To simplify the operations, below are the Ubuntu command-line commands:

# Install the aria2 client (for downloading over http & bittorrent)
sudo apt-get install aria2

# Pull the latest torrent file and download its content
aria2c https://download.kiwix.org/zim/wikipedia_en_all_maxi.zim.torrent

Using the dump

The zim archives are interpreted and published over HTTP using the kiwix-serve program from the kiwix-tools package. This has to be installed separately.

Link for official download archives. Below are the Ubuntu command-line commands:

# Add the PPA that hosts the kiwix-tools package
sudo add-apt-repository ppa:kiwixteam/release

# Install the kiwix-tools package
sudo apt-get install kiwix-tools

# Adapt the command for an available TCP port and the downloaded filenames
kiwix-serve --port=8080 wikipedia_en_all_maxi_2021-03.zim
# Point a web browser to that port (over HTTP) and enjoy your local mirror.

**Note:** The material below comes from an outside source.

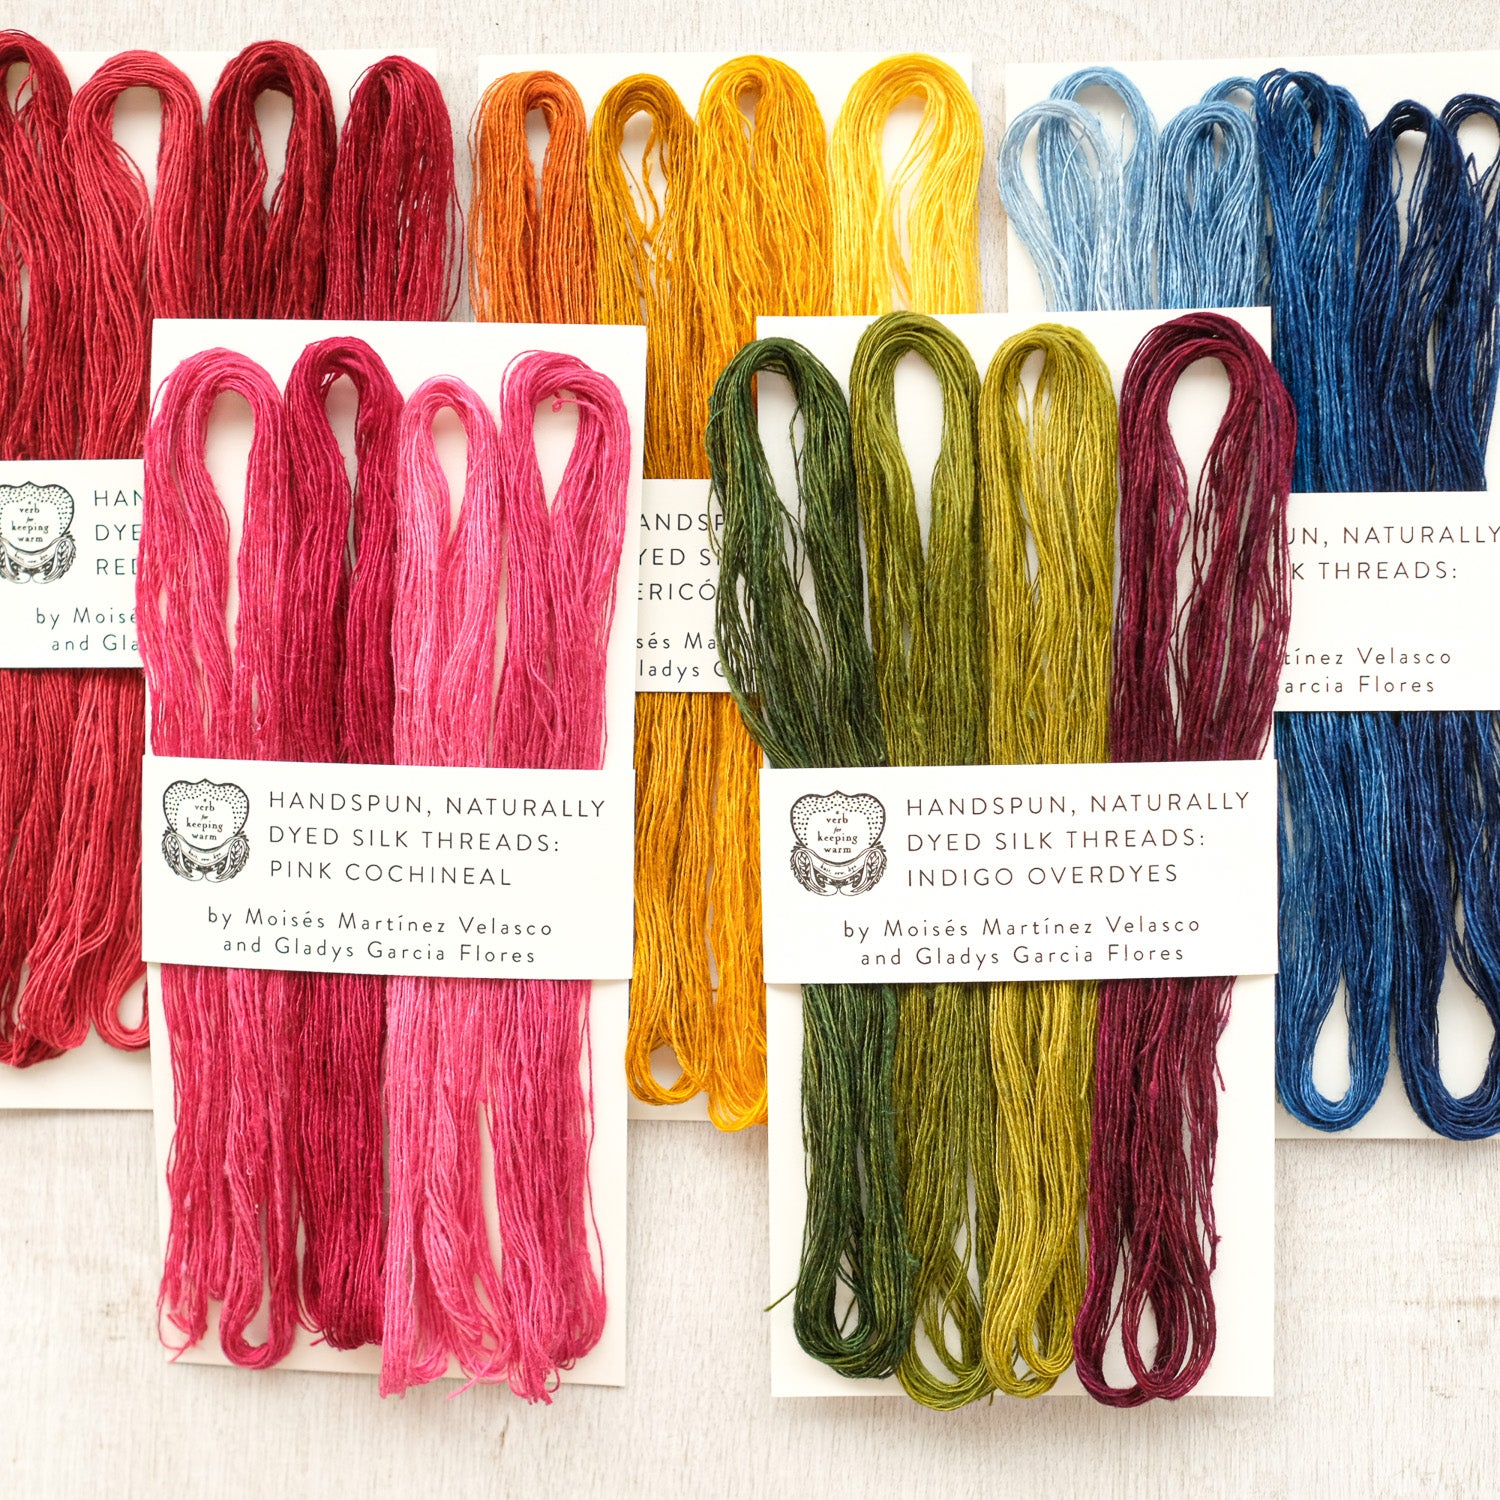 Handspun, Naturally-Dyed Silk Thread by Moisés Martínez Velasco y Gladys Garcia Flores
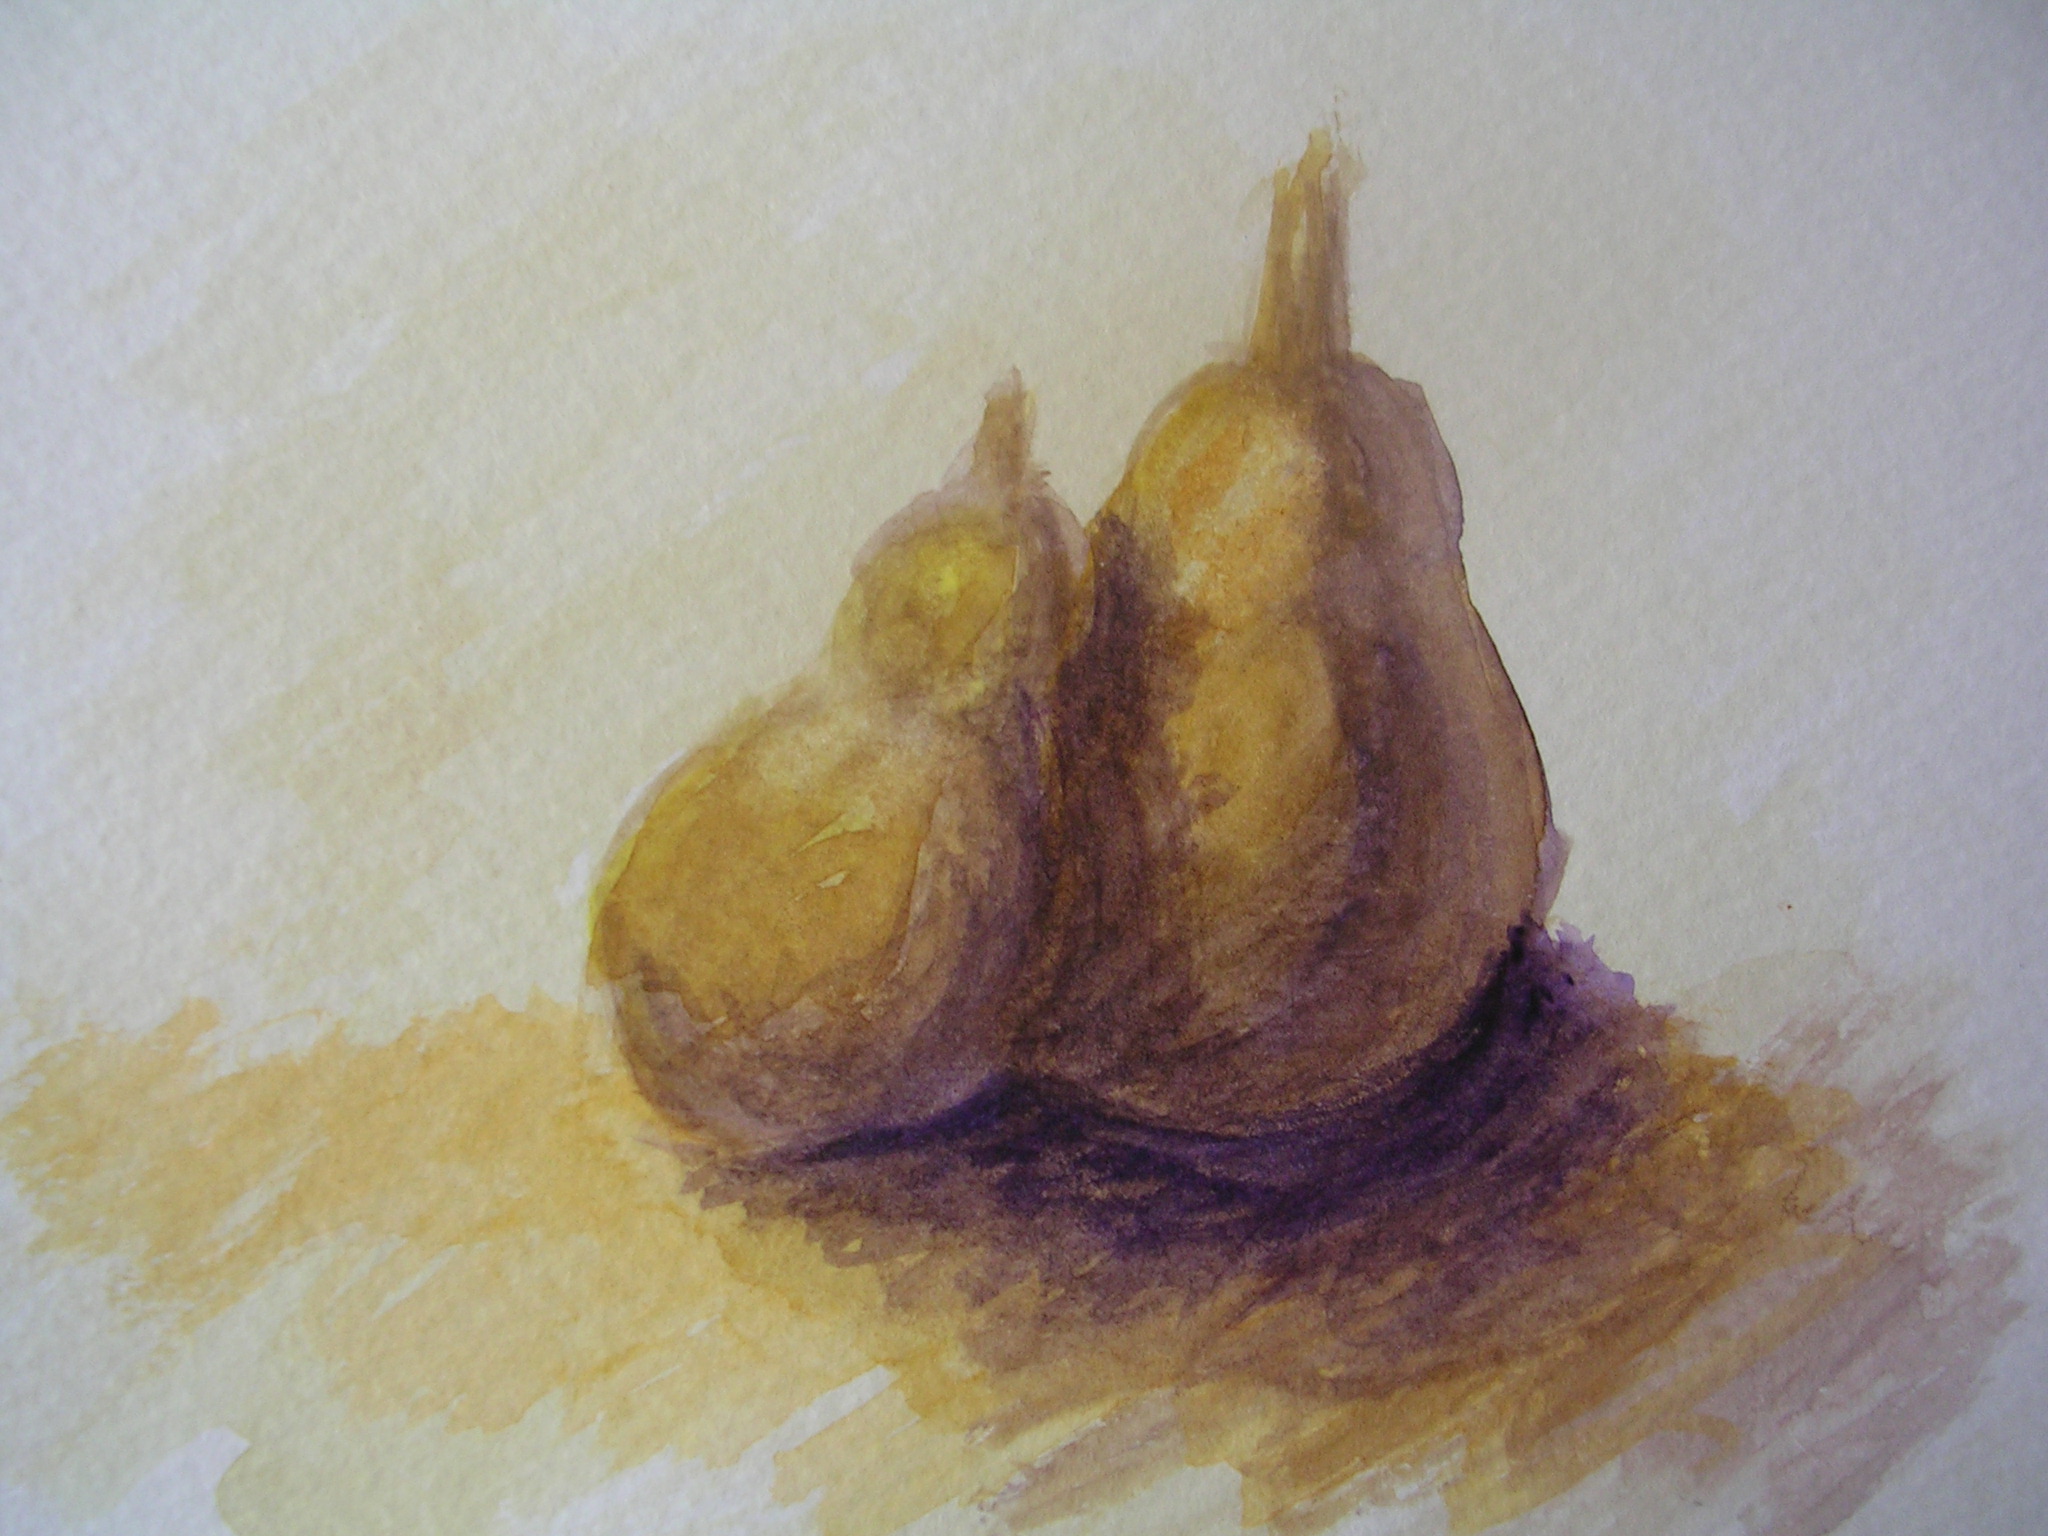 Pair of Pears watercolour

Bonus: Mirroring locally both Wikipedia and Gutenberg Project

Gutenberg Project is an effort to collect, scan, OCR and publish digitally public domain books (out of copyright). All Gutenberg Project archives can be downloaded in the same zim format.

Scroll down the page and download “gutenberg (English)”. It will take about 70GB of space.

Alternatively, you can download it from the command-line.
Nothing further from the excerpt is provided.